DISQUS

John's Blog: microsoft & silverlight

  • Fred · 2 years ago
    Nicely written. Keep in mind though, what you call the "wrong war" is clearly the "right war" from Microsoft's POV. I remember Redmond woeing when Google bought Doubleclick, because it may create an internet monopoly of sorts. But Microsoft doesn't mind monopolies per se -- it only minds the ones that are not theirs. So them trying to push people into yet another proprietary solution isn't so surprising after all.
  • John · 2 years ago
    Hi Fred -- that's my exact point, actually -- that it looks like the right thing for them to do, but I think they will have difficulty with this path, and could have done better by aligning in a way that they hadn't before.
  • Brent · 2 years ago
    From my experience, Flash apps tend to look really good: rich, pleasant, and compelling. (I expect Silverlight apps to look and feel at least as good). On the other hand possibly EVERY web app I’ve come across using the web standards you mention (DHTML, CSS, etc…) just look and feel terrible. I use web apps all the time, just because they’re so convenient (usable from every computer), and tend to be FREE, but, dang, they look like crap when compared side-by-side with anything done in Flash or any standard desktop app. (I’ve blogged about side-by-side experiment recently at http://lastcomputer.blogspot.com/2007/05/browse...)

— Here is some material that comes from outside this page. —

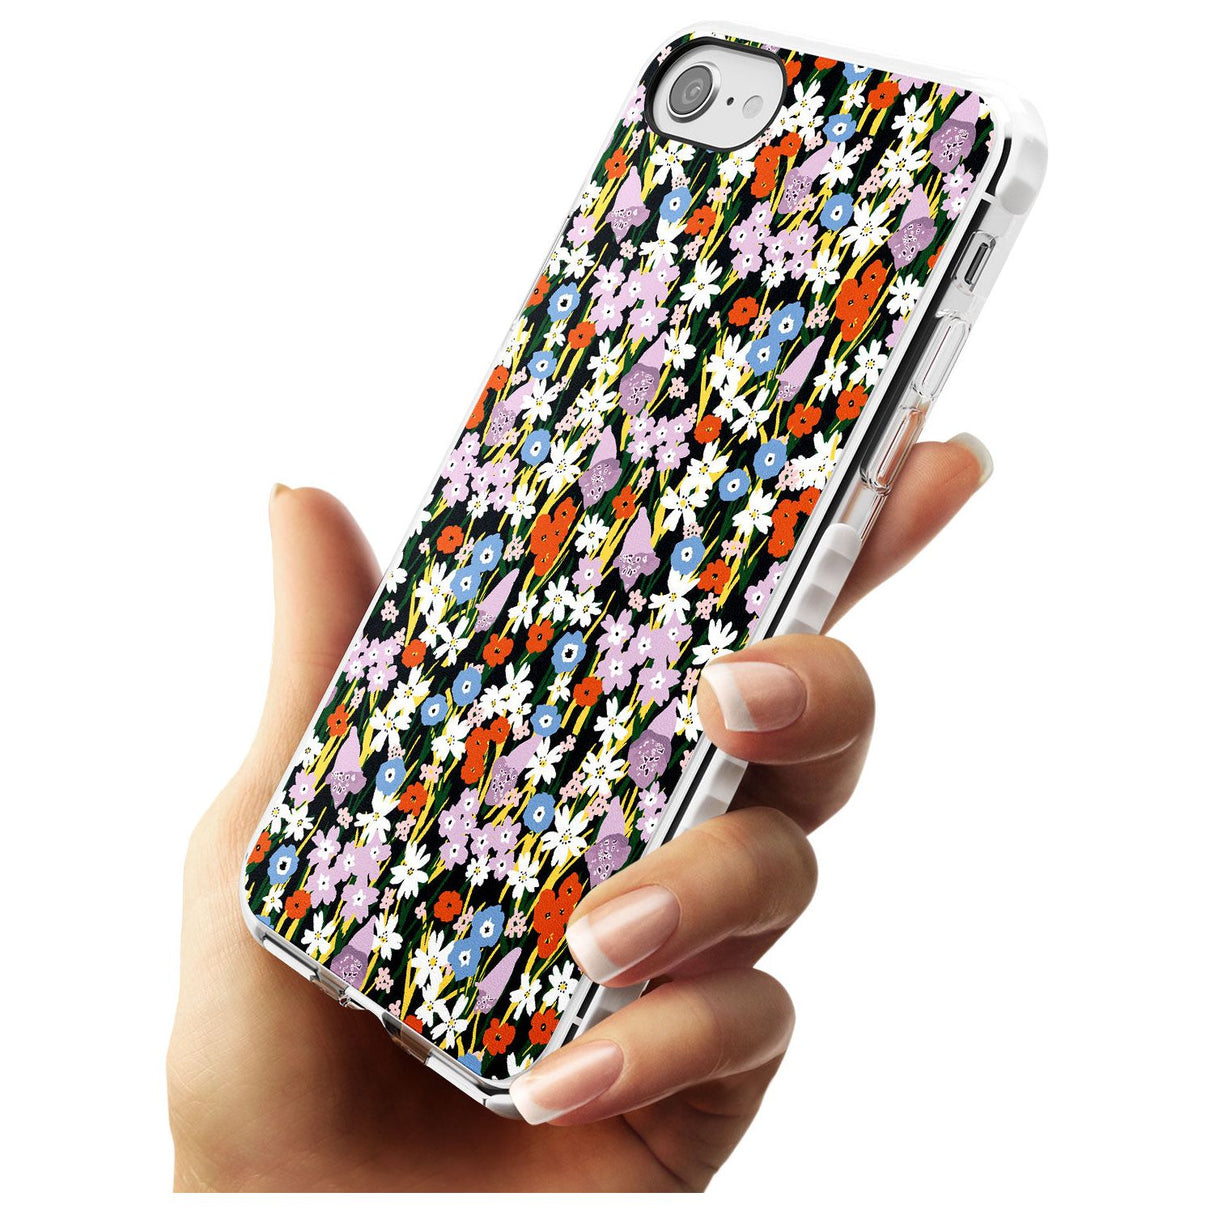 Energetic Floral Mix: Solid Slim TPU Phone Case for iPhone SE 8 7 Plus

    You talk about the relative failure of Java and attribute that failure to Java being a closed system for so long. But Java applications also tend to look just plain terrible, even worse than most web apps, and I think that is the primary reason we don’t see many java applets these days. The problem isn’t open/standard-vs-proprietary, it’s correct technology versus wrong technology.

    Could it be that the web-app standards are just the wrong technology for making rich, pleasant, compelling applications?
  • John · 2 years ago
    brent: maybe you're right; it's of course possible. i come from a UI background a while back, and think that both web applications and, generally, open source software have challenges in putting together really compelling user interfaces -- in the former case because (I think) of tooling, in the latter case (I think) because of the committee-like nature of OSS development.

    all that i'm saying here is that there are many virtuous effects of an open, non-proprietary ecosystem, and that Microsoft could have used it's huge tooling advantage to build a platform that will benefit from everyone in the world working on it. it would be asymmetric to what Adobe could do with Flash (without opening it), instead of strength-on-strength.

    i don't buy all your arguments in the "side-by-side experiment" post -- i think that at a root level, it's all just software, and there's nothing that's inherent in HTML & CSS that precludes a compelling user experience.

    i will say, also, that the way something looks is quite different from how usable & useful it is, and i think that it's manifestly obvious right now that the utility of web apps is growing by leaps & bounds every single day, irrespective of how they look.

    anyway, we'll see. my only point here that i was really making is that Microsoft had the opportunity to side with the open web against Flash and take advantage of their tooling superiority, but missed the chance, possibly because they line up with your line of reasoning here. completely reasonable; we'll see what happens.